IN THE FIRST DECADE of the twentieth century, a wealthy young Russian man traveled from one country to another to find relief from a common malady of the time called neurasthenia. Its symptoms included fatigue, lack of interest in life, depression, and sometimes physical illness. In 1910, the young man consulted Sigmund Freud, a Viennese physician whose unconventional treatment—eventually called psychoanalysis—took the form of a conversation about the patient’s dreams, sexual experiences, and everyday life. Over the course of four years, Freud uncovered his patient’s deeply hidden fear of castration, which was disguised as a fear of wolves—thus the name Wolf-Man, by which he is known to us. Freud worked his cure, as the Wolf-Man himself put it, “by bringing repressed ideas into consciousness” through extensive talking.
In many ways, the Wolf-Man could be said to represent his time. Born into a family that owned vast estates, he reflected Europe’s growing prosperity, though on a grander scale than most. Countless individuals were troubled, even mentally disturbed like the Wolf-Man, and suicides were not uncommon. The Wolf-Man’s own sister and father died from intentional drug overdoses. As the twentieth century opened, Europeans raised questions about family, gender relationships, empire, religion, and the consequences of technology. Every sign of imperial wealth brought on an apparently irrational sense of Europe’s decline. British writer H. G. Wells saw in this prosperous era “the sunset of mankind.” Gloom filled the pages of many a book and upset the lives of individuals like the Wolf-Man.
Conflict rattled the world as a growing number of powers, including Japan and the United States, fought their way into even more territories. The nations of Europe had lurched from one diplomatic crisis to another over access to global resources and control of territory—both within Europe and outside it. Competition for empire fueled an arms race that threatened to turn Europe—the most civilized region of the world, according to its leaders—into a savage battleground. In domestic politics, militant nationalism stirred ethnic hatreds and furthered anti-Semitic violence. Women suffragists along with other politically disadvantaged groups such as the Slavs and Irish demanded full citizenship, even as political assassinations and public brutality swept away the liberal values of tolerance and human rights.
These were just some of the conflicts associated with the term modernity, often used to describe the rise of mass politics, the spread of technology, and the faster pace of life—all of which were visible in the West from the late nineteenth century on. (See “Terms of History: Modern.”) The word modern was also applied to art, music, science, and philosophy of this period. Although many people today admire the brilliant, innovative qualities of modern art, music, and dance, people of the time were offended, even outraged, by the new styles and sounds. Freud’s theory that sexual drives exist in even the youngest children shocked people. Every advance in science and the arts simultaneously undermined middle-class faith in the stability of Western civilization.

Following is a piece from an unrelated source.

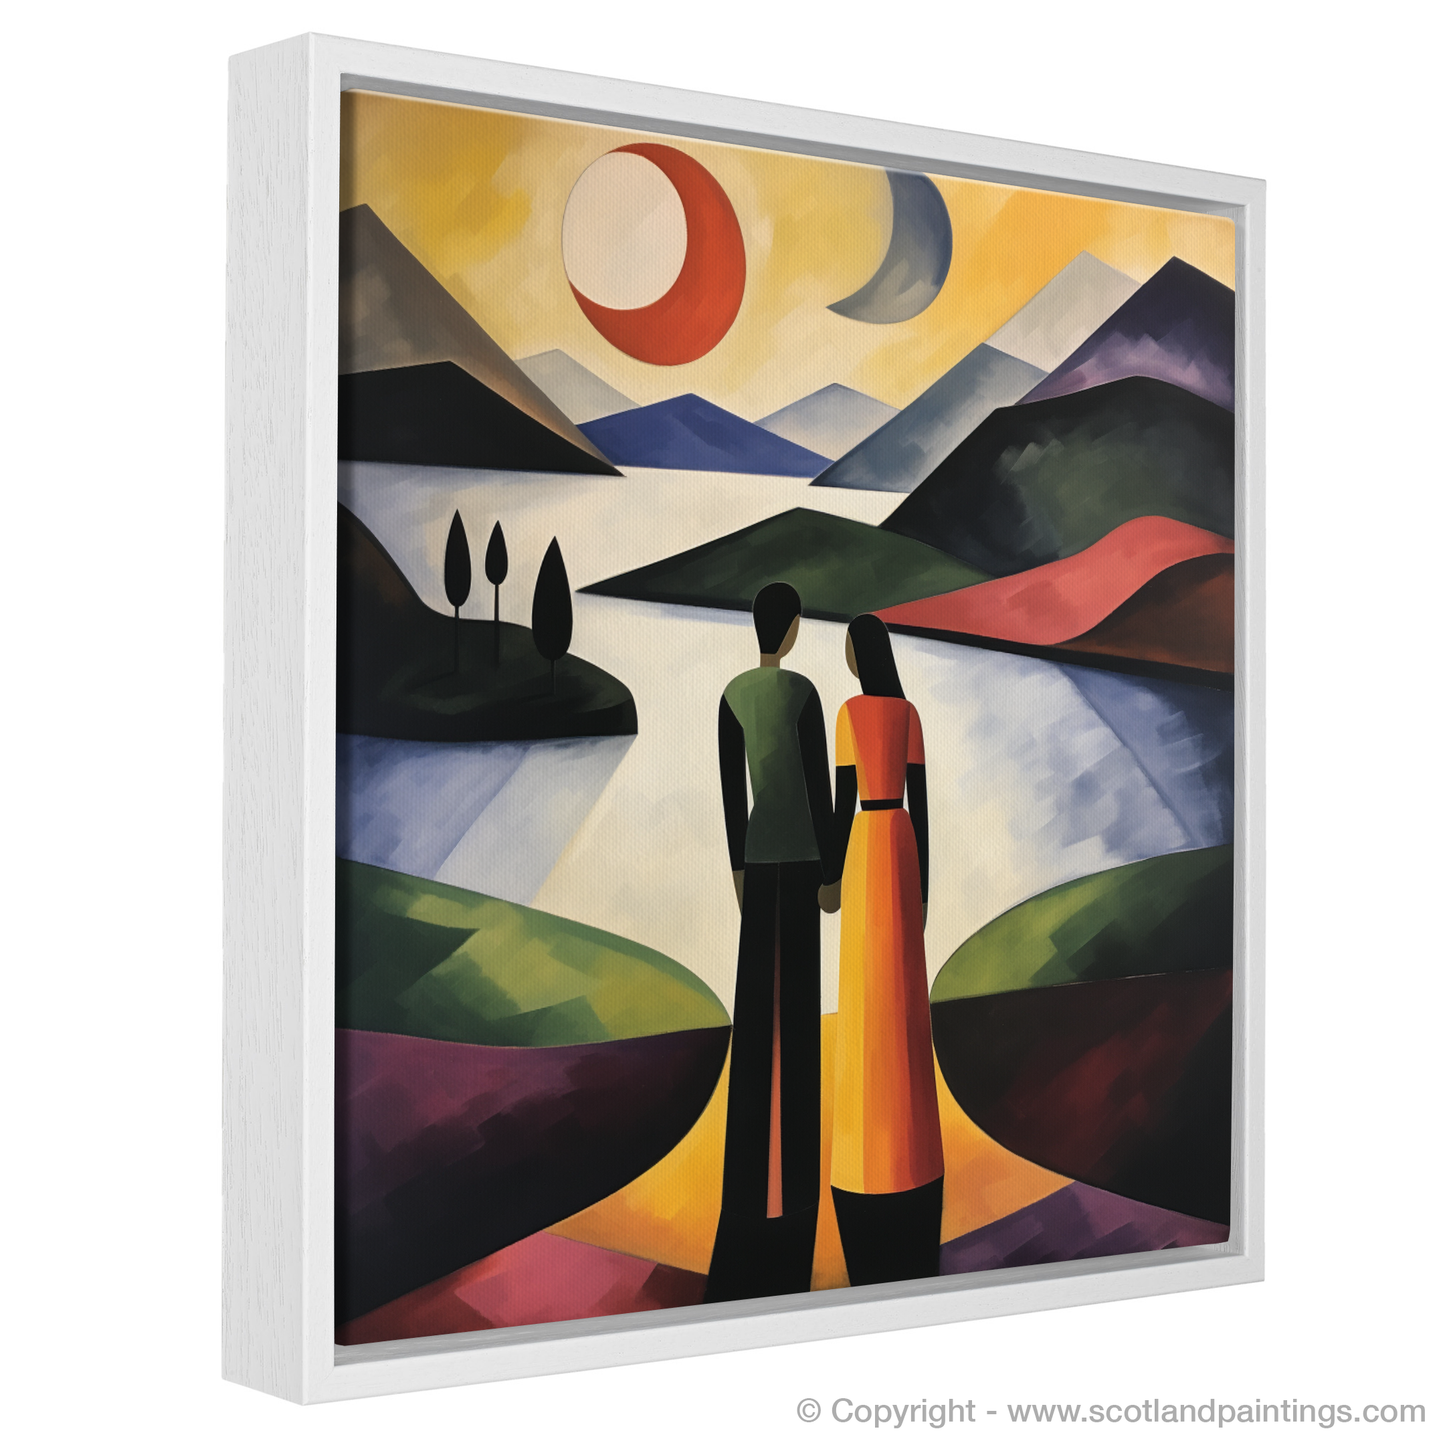 Painting and Art Print of A couple holding hands looking out on Loch Lomond entitled "Embracing Nature's Romance: Loch Lomond at Dusk".
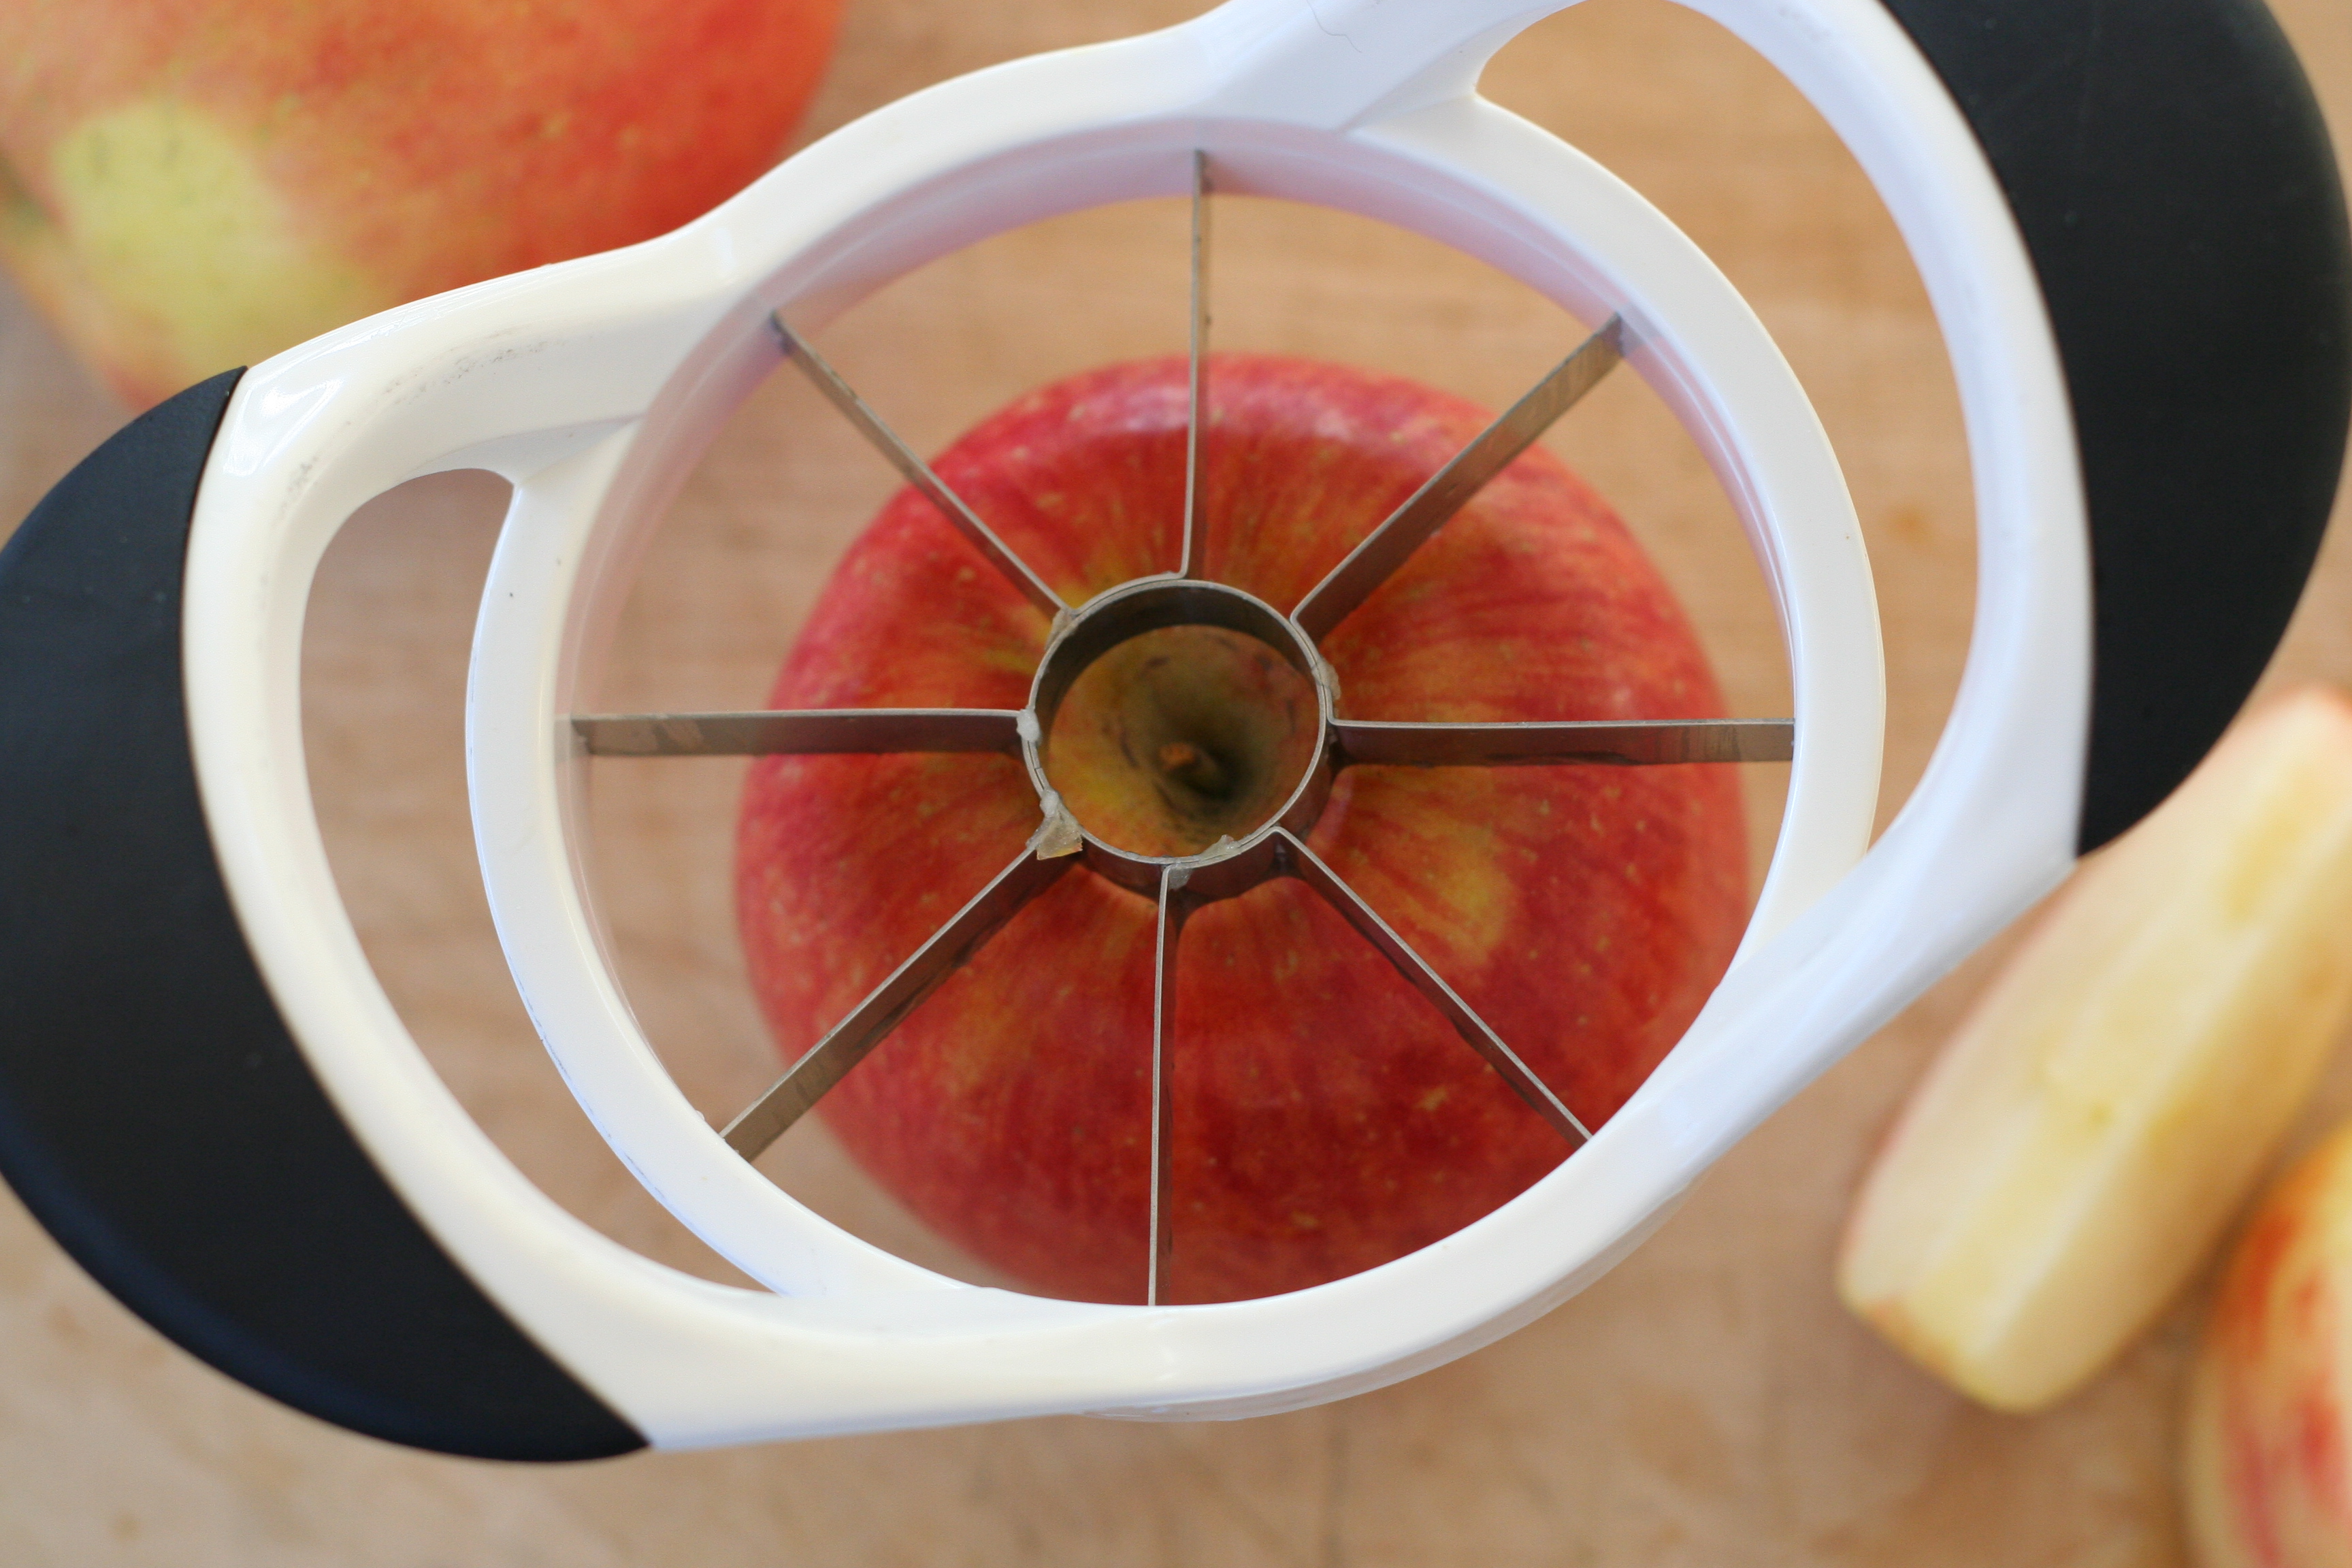 Cutting Apple with Slicer/Corer

CHAPTER FOCUS How did developments in social life, art, intellectual life, and politics at the turn of the twentieth century produce instability and set the backdrop for war?
That faith was further tested when the heir to the Austro-Hungarian throne was assassinated in June 1914. Few gave much thought to the global significance of the event, least of all the Wolf-Man, whose treatment with Freud was just ending. He viewed the fateful day of June 28 simply as the day he “could now leave Vienna a healthy man.” Yet the assassination put the spark to the powder keg of international discord that had been building for several decades. The resulting disastrous war, World War I, like the insights of Freud, would transform life in the West.